── Given data
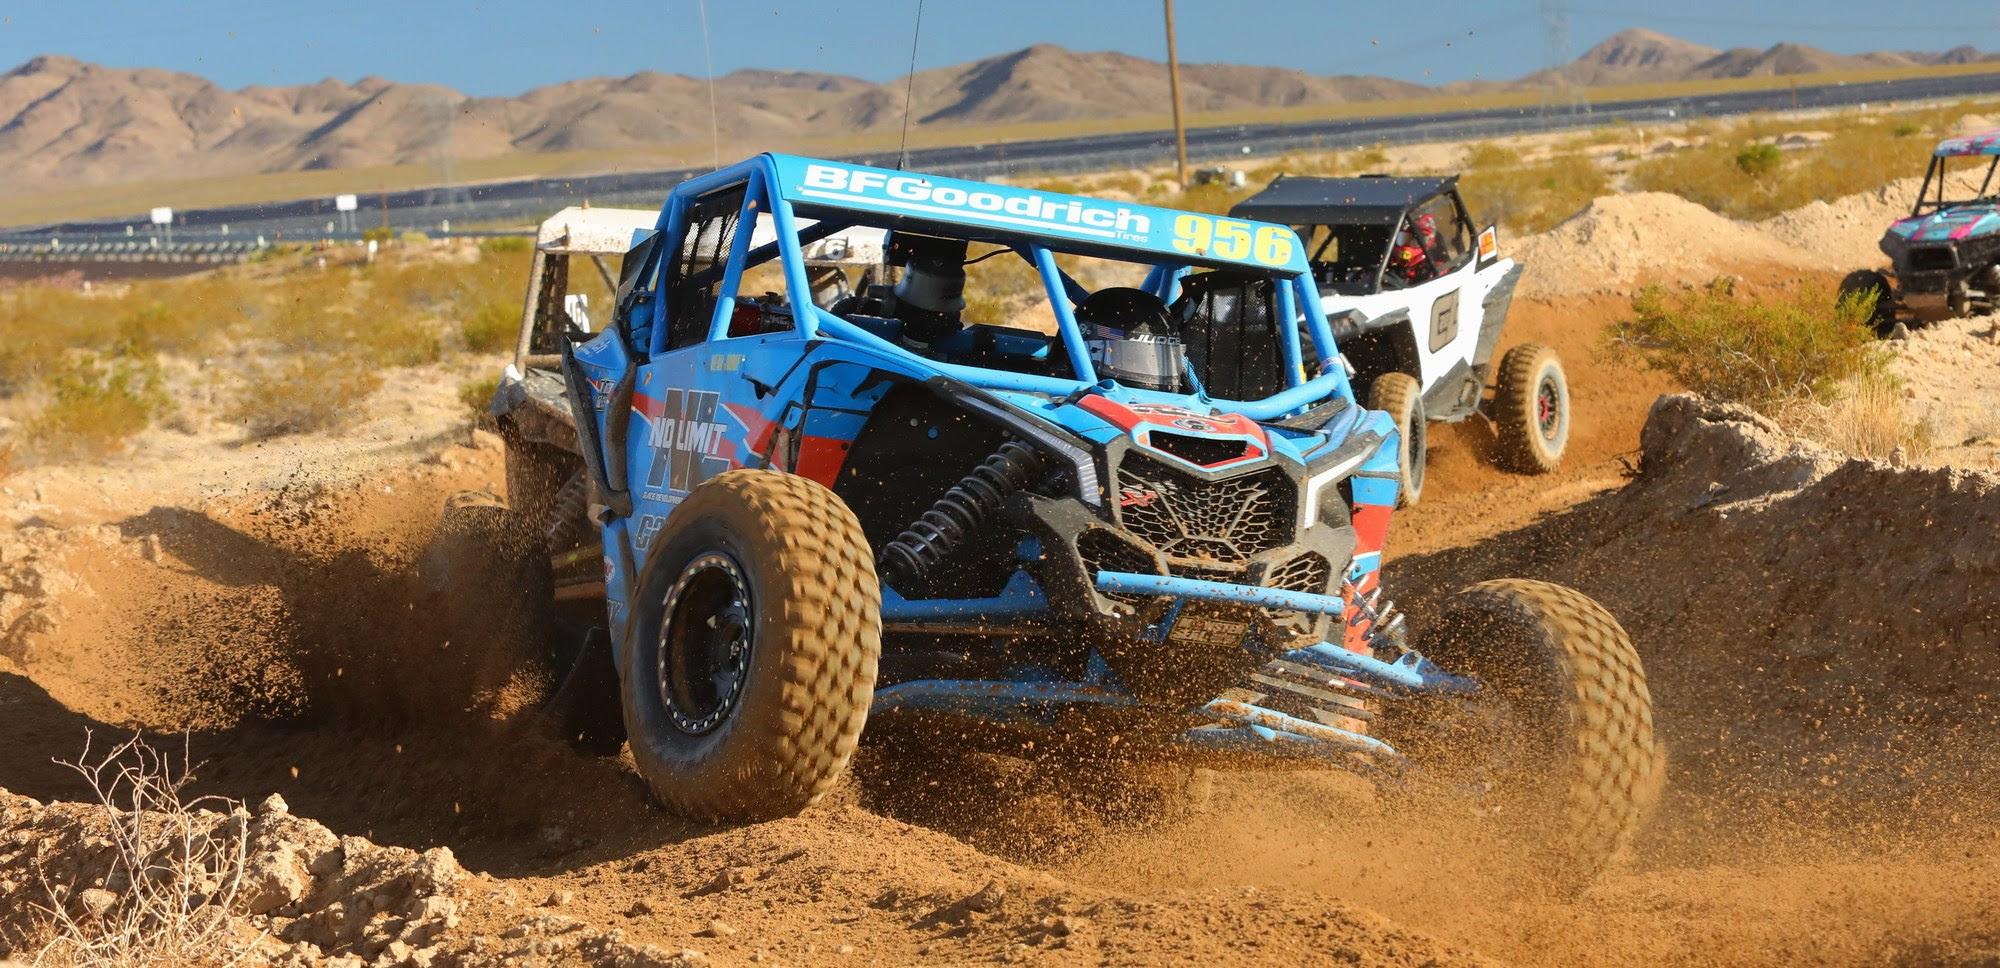 2018-09-beau-judge-desert-roost-utv-worcs-racing
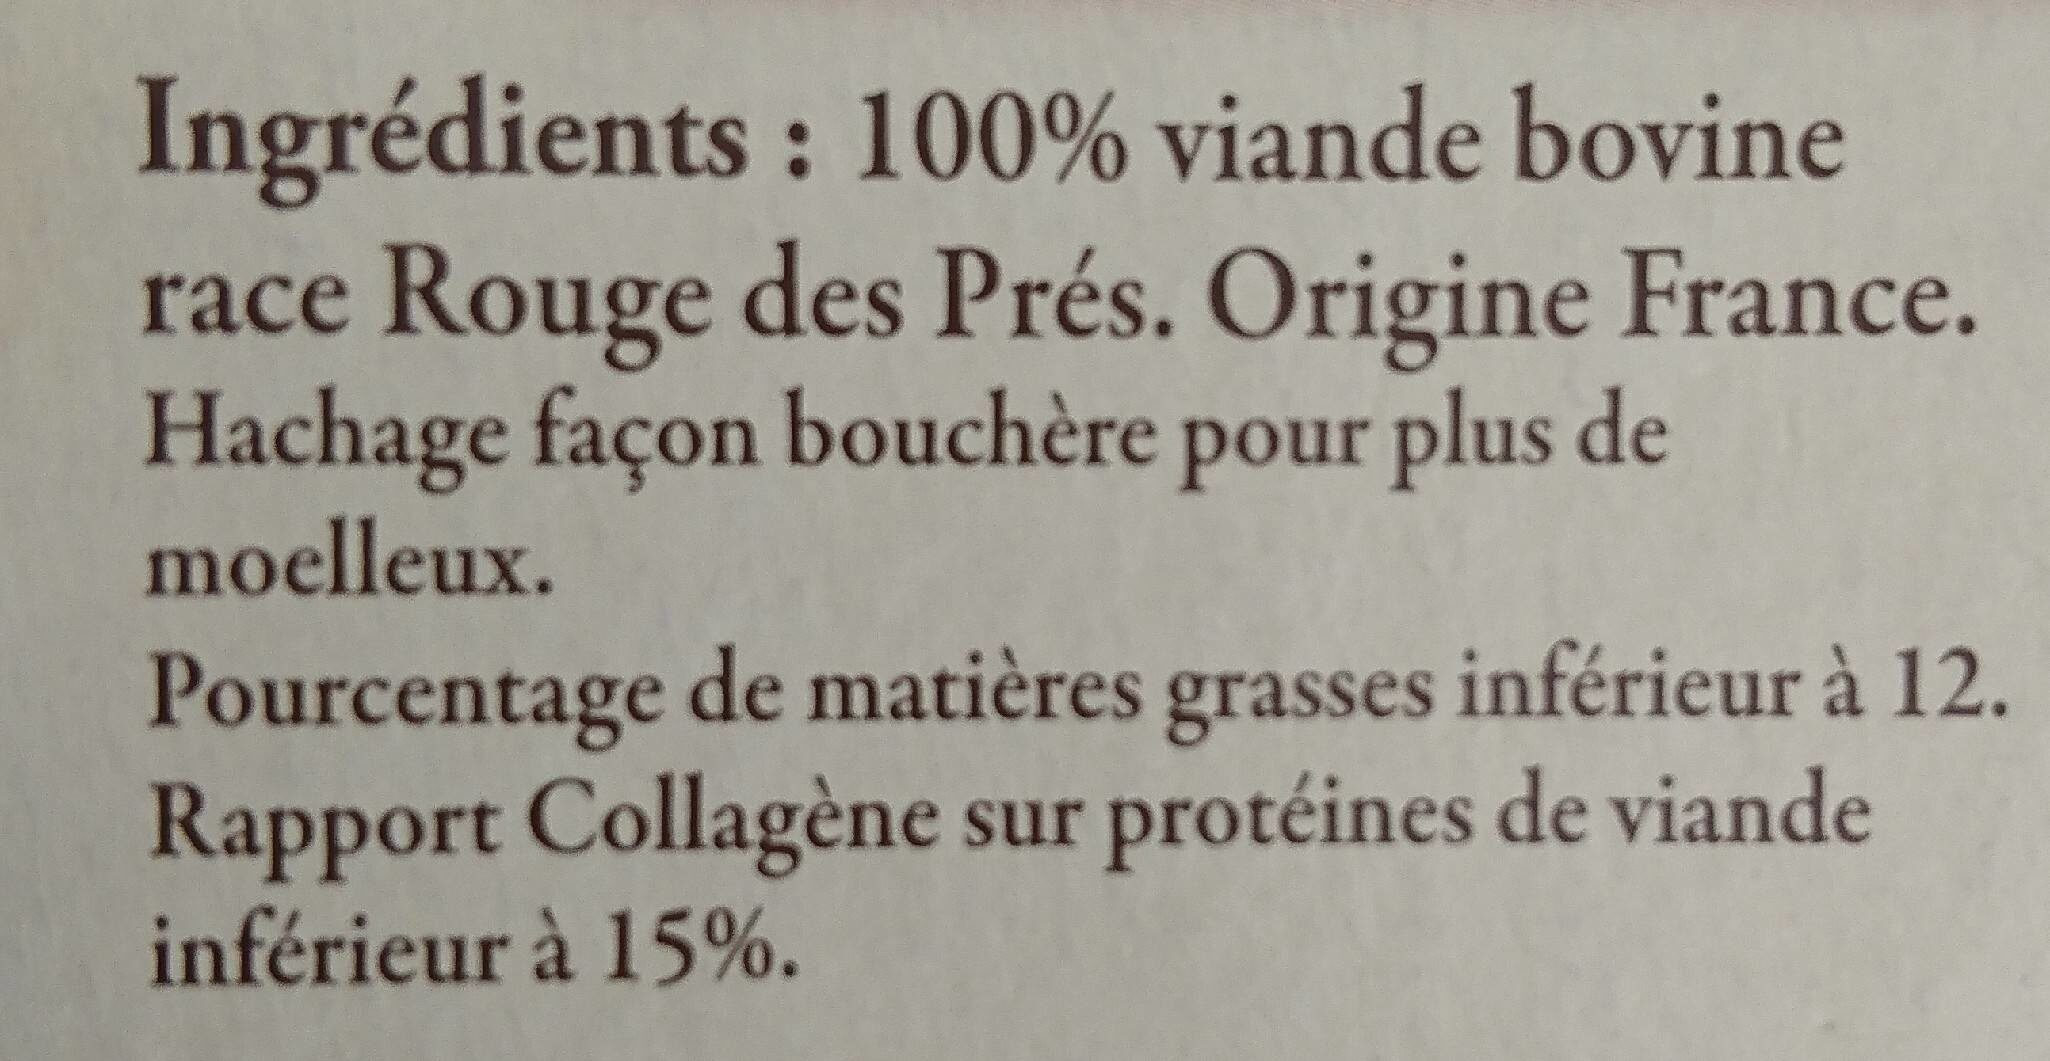 2 steak hachés race Rouge de Près - Voedingswaarden
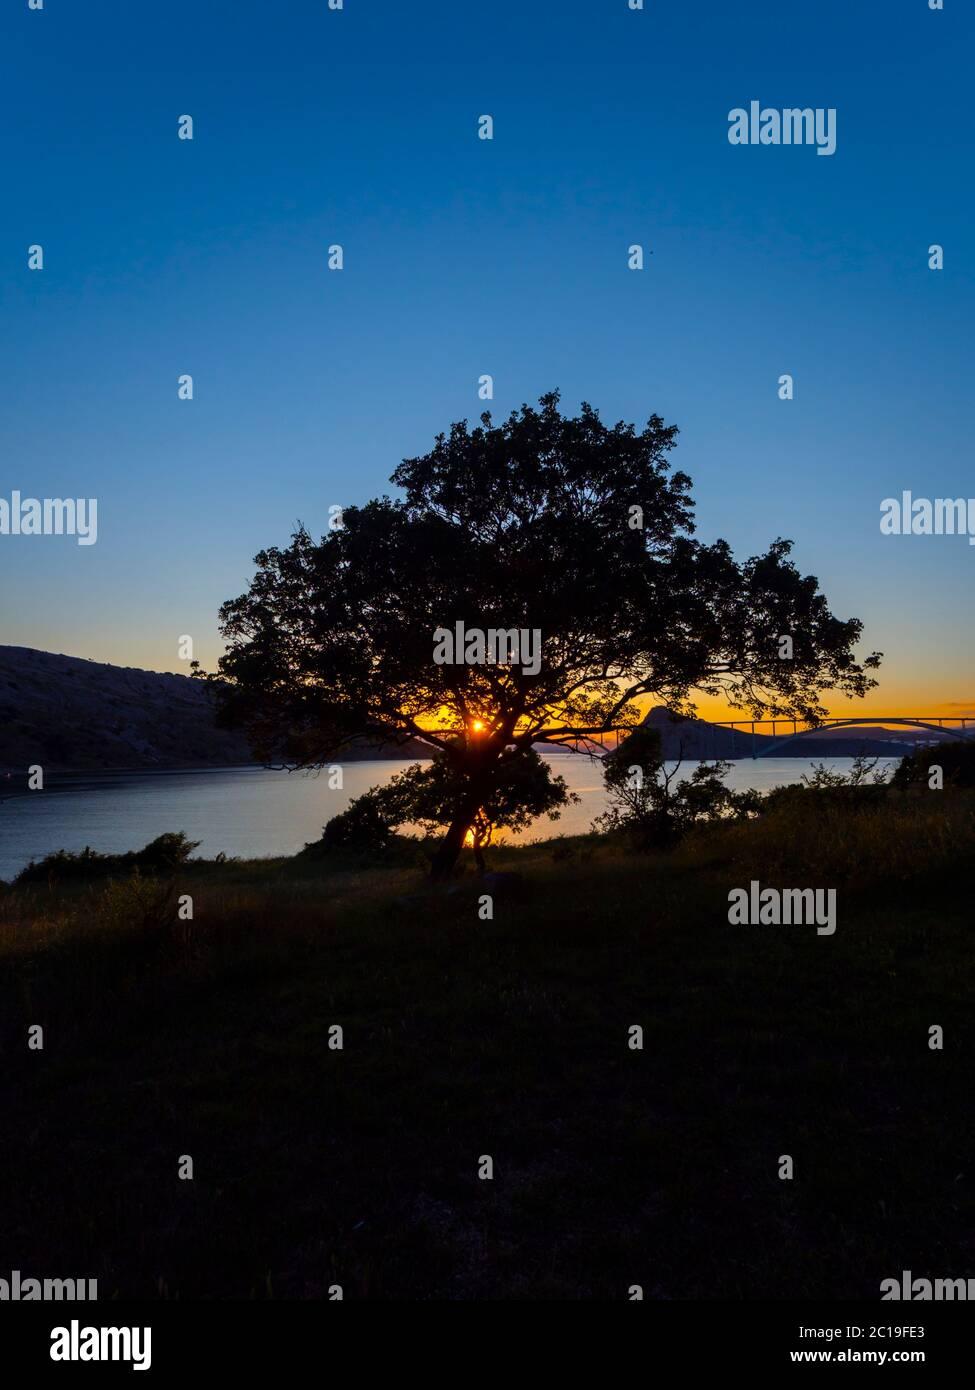 Sunset landscape bridge mainland to island Krk Croatia see view through dominant tree Stock Photo
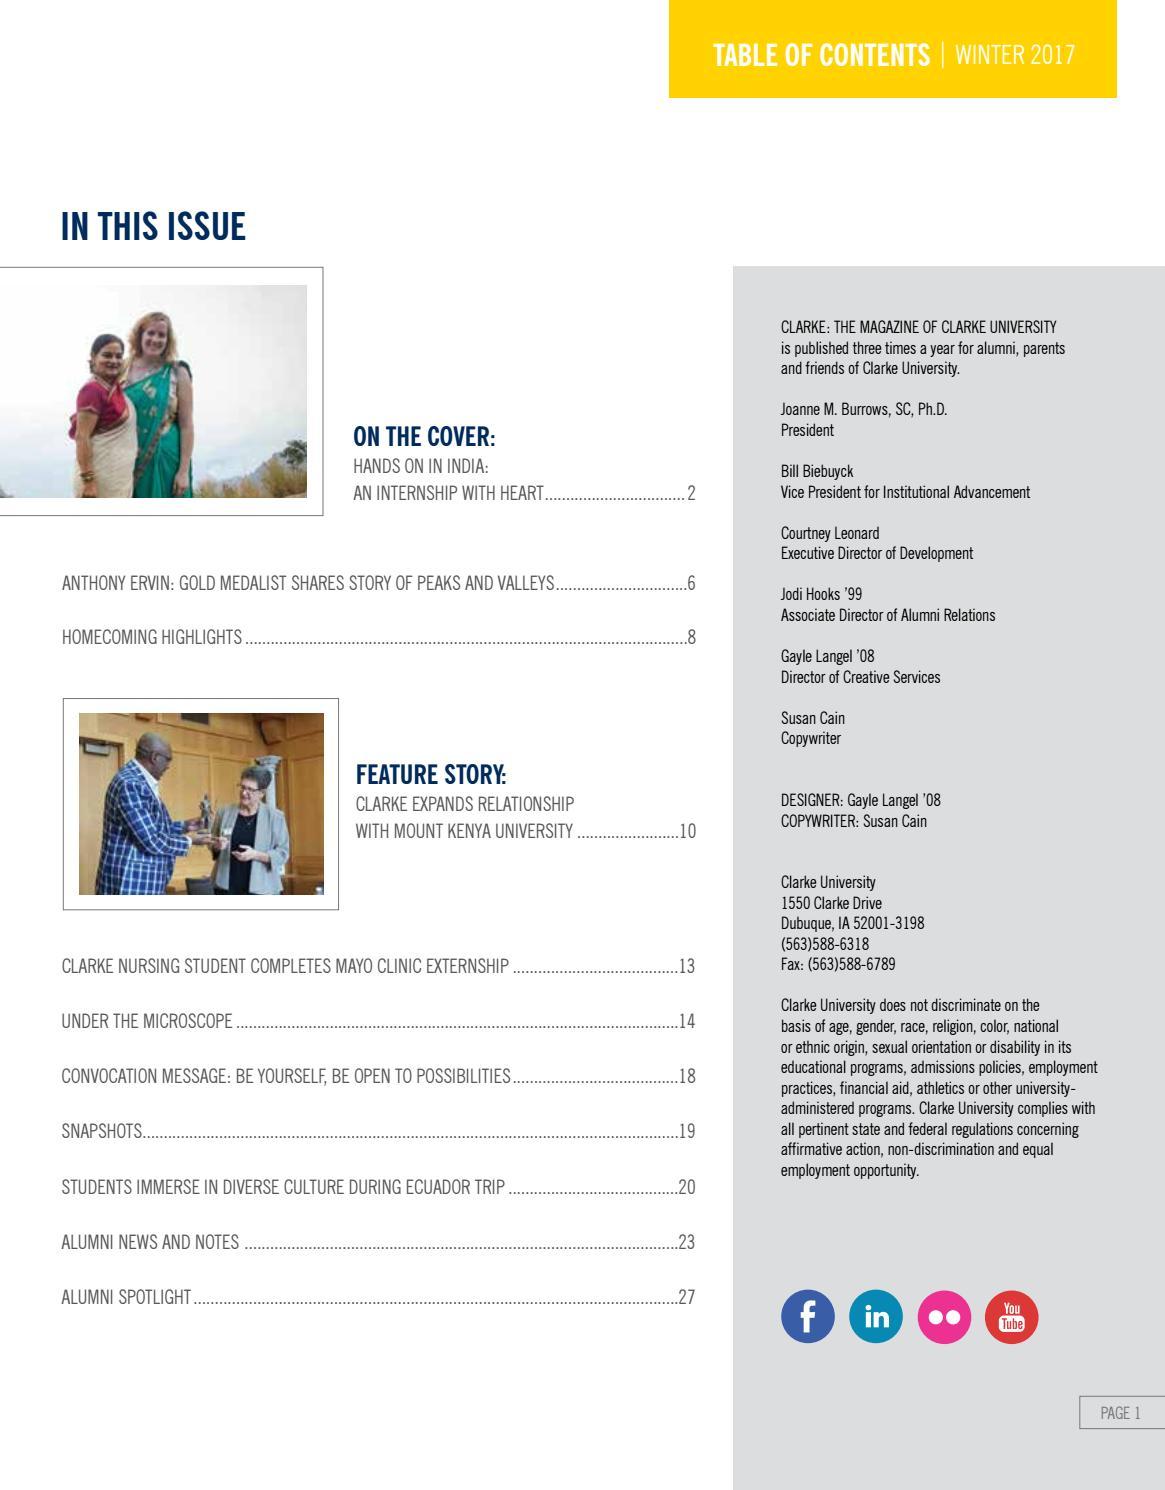 Clarke University Magazine
────
### Exercise objective
Repeat the data exactly in full, omitting its pictures.

### Answer to this problem
 2018-09-beau-judge-desert-roost-utv-worcs-racing
 2 steak hachés race Rouge de Près - Voedingswaarden
 Sunset landscape bridge mainland to island Krk Croatia see view through dominant tree Stock Photo
 Clarke University Magazine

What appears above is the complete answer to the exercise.